[
https://issues.apache.org/jira/browse/KAFKA-13714?page=com.atlassian.jira.plugin.system.issuetabpanels:comment-tabpanel&focusedCommentId=17508386#comment-17508386
]
John Roesler commented on KAFKA-13714:
--------------------------------------
Another local repro:
{code:java}
org.apache.kafka.streams.integration.IQv2StoreIntegrationTest >
verifyStore[cache=true, log=true, supplier=TIME_ROCKS_KV, kind=PAPI] FAILED
java.lang.AssertionError: Result:StateQueryResult{partitionResults={
0=SucceededQueryResult{
result=org.apache.kafka.streams.state.internals.MeteredKeyValueStore$MeteredKeyValueTimestampedIterator@3f702946,
executionInfo=[
Handled in class
org.apache.kafka.streams.state.internals.RocksDBTimestampedStore in 1153925ns,
Handled in class
org.apache.kafka.streams.state.internals.ChangeLoggingTimestampedKeyValueBytesStore
via WrappedStateStore in 1165952ns,
Handled in class
org.apache.kafka.streams.state.internals.CachingKeyValueStore in 1181616ns,
Handled in class
org.apache.kafka.streams.state.internals.MeteredTimestampedKeyValueStore with
serdes org.apache.kafka.streams.state.StateSerdes@278667fd in 1260365ns
],
position=Position{position={input-topic={0=1}}}},
1=SucceededQueryResult{
result=org.apache.kafka.streams.state.internals.MeteredKeyValueStore$MeteredKeyValueTimestampedIterator@42b6d0cc,
executionInfo=[
Handled in class
org.apache.kafka.streams.state.internals.RocksDBTimestampedStore in 109311ns,
Handled in class
org.apache.kafka.streams.state.internals.ChangeLoggingTimestampedKeyValueBytesStore
via WrappedStateStore in 116767ns,
Handled in class
org.apache.kafka.streams.state.internals.CachingKeyValueStore in 128961ns,
Handled in class
org.apache.kafka.streams.state.internals.MeteredTimestampedKeyValueStore with
serdes org.apache.kafka.streams.state.StateSerdes@684b31de in 185521ns
],
position=Position{position={input-topic={1=1}}}}},
globalResult=null}
Expected: is <[1, 2, 3]>
but: was <[1, 2]>
at org.hamcrest.MatcherAssert.assertThat(MatcherAssert.java:20)
at
org.apache.kafka.streams.integration.IQv2StoreIntegrationTest.shouldHandleRangeQuery(IQv2StoreIntegrationTest.java:1129)
at
org.apache.kafka.streams.integration.IQv2StoreIntegrationTest.shouldHandleRangeQueries(IQv2StoreIntegrationTest.java:807)
at
org.apache.kafka.streams.integration.IQv2StoreIntegrationTest.verifyStore(IQv2StoreIntegrationTest.java:776)
{code}
> Flaky test IQv2StoreIntegrationTest
> -----------------------------------
>
> Key: KAFKA-13714
> URL: https://issues.apache.org/jira/browse/KAFKA-13714
> Project: Kafka
> Issue Type: Bug
> Components: streams
> Affects Versions: 3.2.0
> Reporter: John Roesler
> Priority: Blocker
>
> I have observed multiple consistency violations in the
> IQv2StoreIntegrationTest.
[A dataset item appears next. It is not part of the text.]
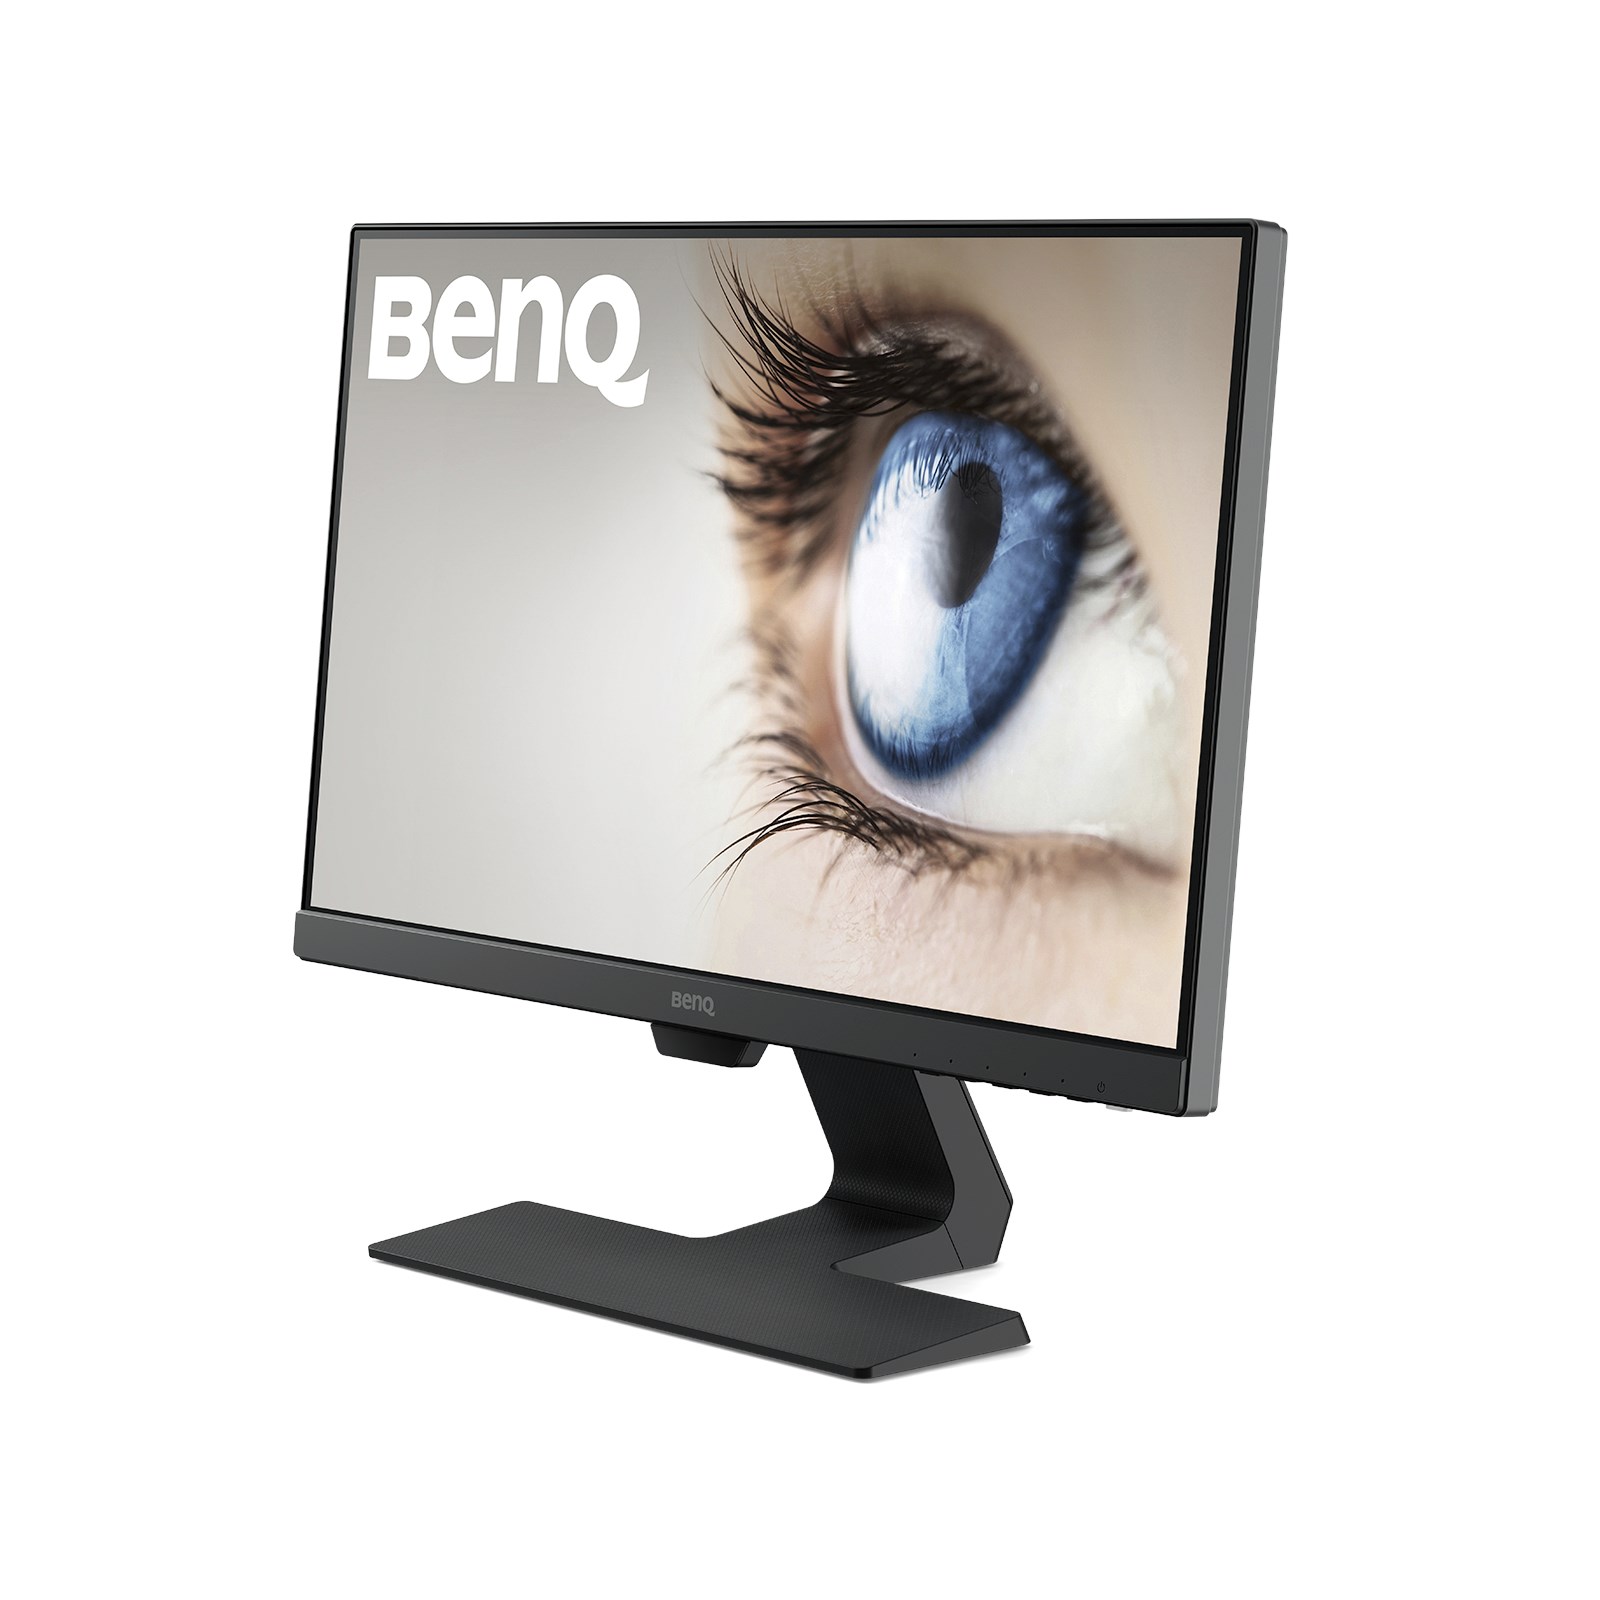 「リングフィットRTA パソコン BenQ モニター ほぼ未使用品 21.5インチ GW2280 ディスプレイ

Since this is the first release of IQv2, and it's
> apparently a major flaw in the feature, we should not release with this bug
> outstanding. Depending on the time-table, we may want to block the release or
> pull the feature until the next release.
>
> The first observation I have is from 23 Feb 2022. So far all observations
> point to the range query in particular, and all observations have been for
> RocksDB stores, including RocksDBStore, TimestampedRocksDBStore, and the
> windowed store built on RocksDB segments.
> For reference, range queries were implemented on 16 Feb 2022:
> [https://github.com/apache/kafka/commit/b38f6ba5cc989702180f5d5f8e55ba20444ea884]
> The window-specific range query test has also failed once that I have seen.
> That feature was implemented on 2 Jan 2022:
> [https://github.com/apache/kafka/commit/b8f1cf14c396ab04b8968a8fa04d8cf67dd3254c]
>
> Here are some stack traces I have seen:
> {code:java}
> verifyStore[cache=true, log=true, supplier=ROCKS_KV, kind=PAPI]
> java.lang.AssertionError:
> Expected: is <[1, 2, 3]>
> but: was <[1, 2]>
> at org.hamcrest.MatcherAssert.assertThat(MatcherAssert.java:20)
> at org.hamcrest.MatcherAssert.assertThat(MatcherAssert.java:6)
> at
> org.apache.kafka.streams.integration.IQv2StoreIntegrationTest.shouldHandleRangeQuery(IQv2StoreIntegrationTest.java:1125)
> at
> org.apache.kafka.streams.integration.IQv2StoreIntegrationTest.shouldHandleRangeQueries(IQv2StoreIntegrationTest.java:803)
> at
> org.apache.kafka.streams.integration.IQv2StoreIntegrationTest.verifyStore(IQv2StoreIntegrationTest.java:776)
> {code}
> {code:java}
> verifyStore[cache=true, log=true, supplier=TIME_ROCKS_KV, kind=PAPI]
> java.lang.AssertionError:
> Expected: is <[1, 2, 3]>
> but: was <[1, 3]>
> at org.hamcrest.MatcherAssert.assertThat(MatcherAssert.java:20)
> at org.hamcrest.MatcherAssert.assertThat(MatcherAssert.java:6)
> at
> org.apache.kafka.streams.integration.IQv2StoreIntegrationTest.shouldHandleRangeQuery(IQv2StoreIntegrationTest.java:1131)
> at
> org.apache.kafka.streams.integration.IQv2StoreIntegrationTest.shouldHandleRangeQueries(IQv2StoreIntegrationTest.java:809)
> at
> org.apache.kafka.streams.integration.IQv2StoreIntegrationTest.verifyStore(IQv2StoreIntegrationTest.java:778)
> {code}
> {code:java}
> verifyStore[cache=true, log=true, supplier=ROCKS_KV, kind=PAPI]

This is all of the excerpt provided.